He at last, however, turned up; but then it happened that if, on his coming to see me, his immediate picture of his charming new friends quickened even more than I had expected my sense of the variety of the human species, my curiosity about them failed to make me respond when he suggested I should go to see them. It's a difficult thing to explain, and I don't pretend to put it successfully, but doesn't it often happen that one may think well enough of a person without being inflamed with the desire to meet—on the ground of any such sentiment—other persons who think still better? Somehow—little harm as there was in Marmaduke—it was but half a recommendation of the Dedricks that they were crazy about him. I didn't say this—I was careful to say little; which didn't prevent his presently asking if he mightn't then bring them to me. 'If not, why not?' he laughed. He laughed about everything.

'Why not? Because it strikes me that your surrender doesn't require any backing. Since you've done it you must take care of yourself.'

'Oh, but they're as safe,' he returned, 'as the Bank of England. They're wonderful—for respectability and goodness.'

'Those are precisely qualities to which my poor intercourse can contribute nothing.' He hadn't, I observed, gone so far as to tell me they would be 'fun,' and he had, on the other hand, promptly mentioned that they lived in Westbourne Terrace. They were not forty—they were forty-five; but Mr. Dedrick had already, on considerable gains, retired from some primitive profession. They were the simplest, kindest, yet most original and unusual people, and nothing could exceed, frankly, the fancy they had taken to him. Marmaduke spoke of it with a placidity of resignation that was almost irritating. I suppose I should have despised him if, after benefits accepted, he had said they bored him; yet their not boring him vexed me even more than it puzzled. 'Whom do they know?'

'No one but me. There are people in London like that.'

'Who know no one but you?'

'No—I mean no one at all. There are extraordinary people in London, and awfully nice. You haven't an idea. You people don't know every one. They lead their lives—they go their way.
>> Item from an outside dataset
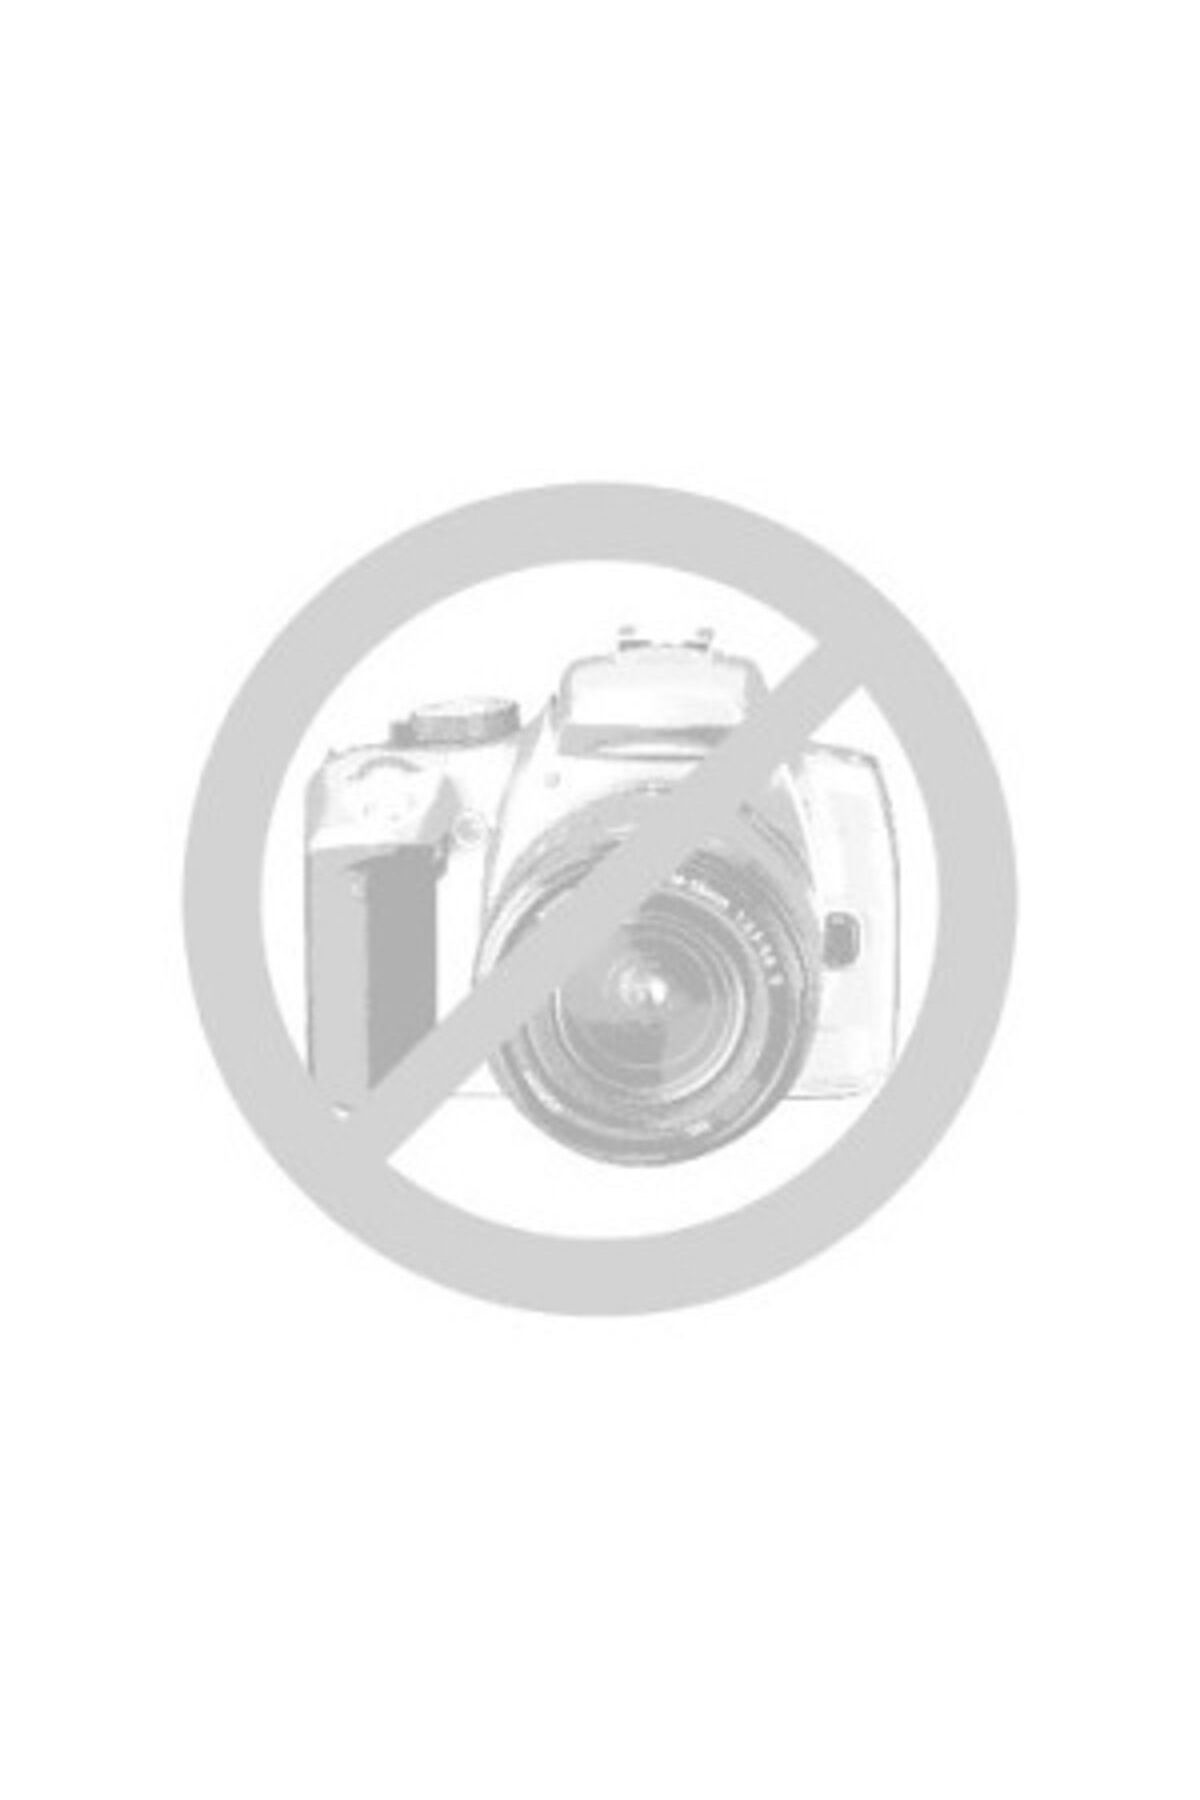 Canon Gx3040 Yazıcı-tarayıcı-fotokopi Renkli Mürekkep Tanklı Yazıcı Wı-fı

One finds—what do you call it?—refinement, books, cleverness, don't you know, and music, and pictures, and religion, and an excellent table—all sorts of pleasant things. You only come across them by chance; but it's all perpetually going on.'

I assented to this: the world was very wonderful, and one must certainly see what one could. In my own quarter too I found wonders enough. 'But are you,' I asked, 'as fond of them———'

'As they are of me?' He took me up promptly, and his eyes were quite unclouded. 'I'm quite sure I shall become so.'

'Then are you taking Lavinia———?'

'Not to see them—no.' I saw, myself, the next minute, of course, that I had made a mistake. 'On what footing can I?'

I bethought myself. 'I keep forgetting you're not engaged.'

'Well,' he said after a moment, 'I shall never marry another.'

It somehow, repeated again, gave on my nerves. 'Ah, but what good will that do her, or me either, if you don't marry her?'

He made no answer to this—only turned away to look at something in the room; after which, when he next faced me, he had a heightened colour. 'She ought to have taken me that day,' he said gravely and gently, fixing me also as if he wished to say more.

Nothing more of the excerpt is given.